Word2Vec.jl Reading a binary file throws an error as reading from unicode is not handled.

When requested to read from a binary, which has unicode, it results in ERROR: UnicodeError: invalid character index.

To reproduce, load the test file from Google https://drive.google.com/file/d/0B7XkCwpI5KDYNlNUTTlSS21pQmM/edit?usp=sharing

Feb 25 '17 18:02 jayend-manika

encoding attribute is there in the python version. That may not be exposed. Need to check.

Aug 22 '17 01:08 sambitdash

I think there is a different reason for this. The original google-files seem to have a slightly different format and the parser for the binary file reads one byte too far.

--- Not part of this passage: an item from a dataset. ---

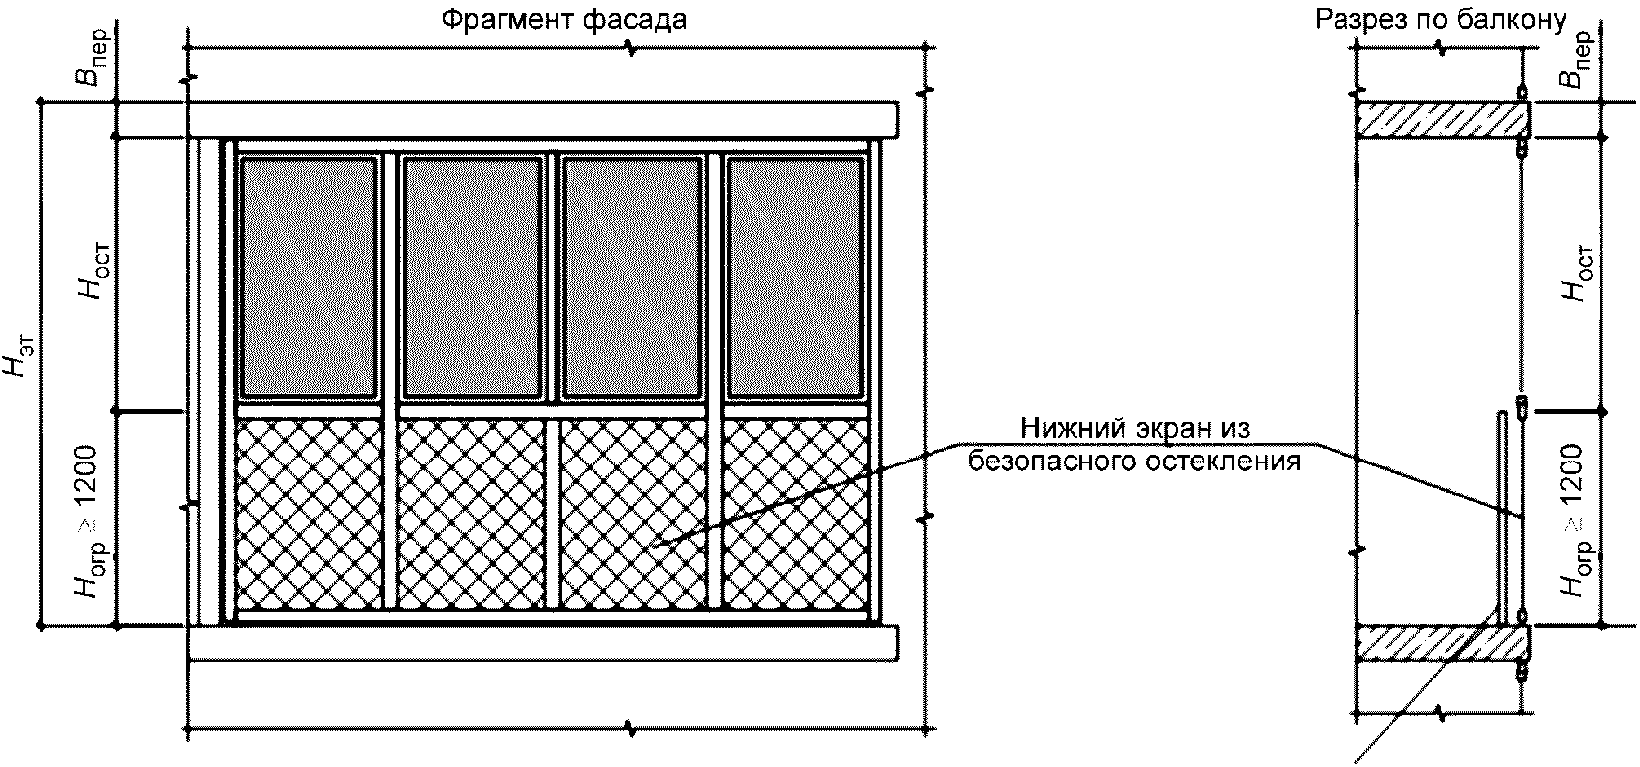 Схема балкона в панельном доме

Removing the read(f, UInt8) # new line here solves the issue (but presumably, the files created with this package can't be loaded in this case anymore)

I solved it by including the additional loading option :google to the existing :text and :binary where this read is removed.

Jun 07 '18 12:06 Paethon

PR #8 fixes this

Sep 18 '18 09:09 Paethon

I think there is a different reason for this. The original google-files seem to have a slightly different format and the parser for the binary file reads one byte too far.

Removing the read(f, UInt8) # new line here solves the issue (but presumably, the files created with this package can't be loaded in this case anymore)

I solved it by including the additional loading option :google to the existing :text and :binary where this read is removed.

would you please write the code of what you are saying I got confused honestly ,

Mar 18 '19 15:03 alabrashJr

so I did the implementation by my self, and I sharing it with you,

https://gist.github.com/alabrashJr/d71cf74bc9713bb0a5bb12ccd331a405

Mar 21 '19 13:03 alabrashJr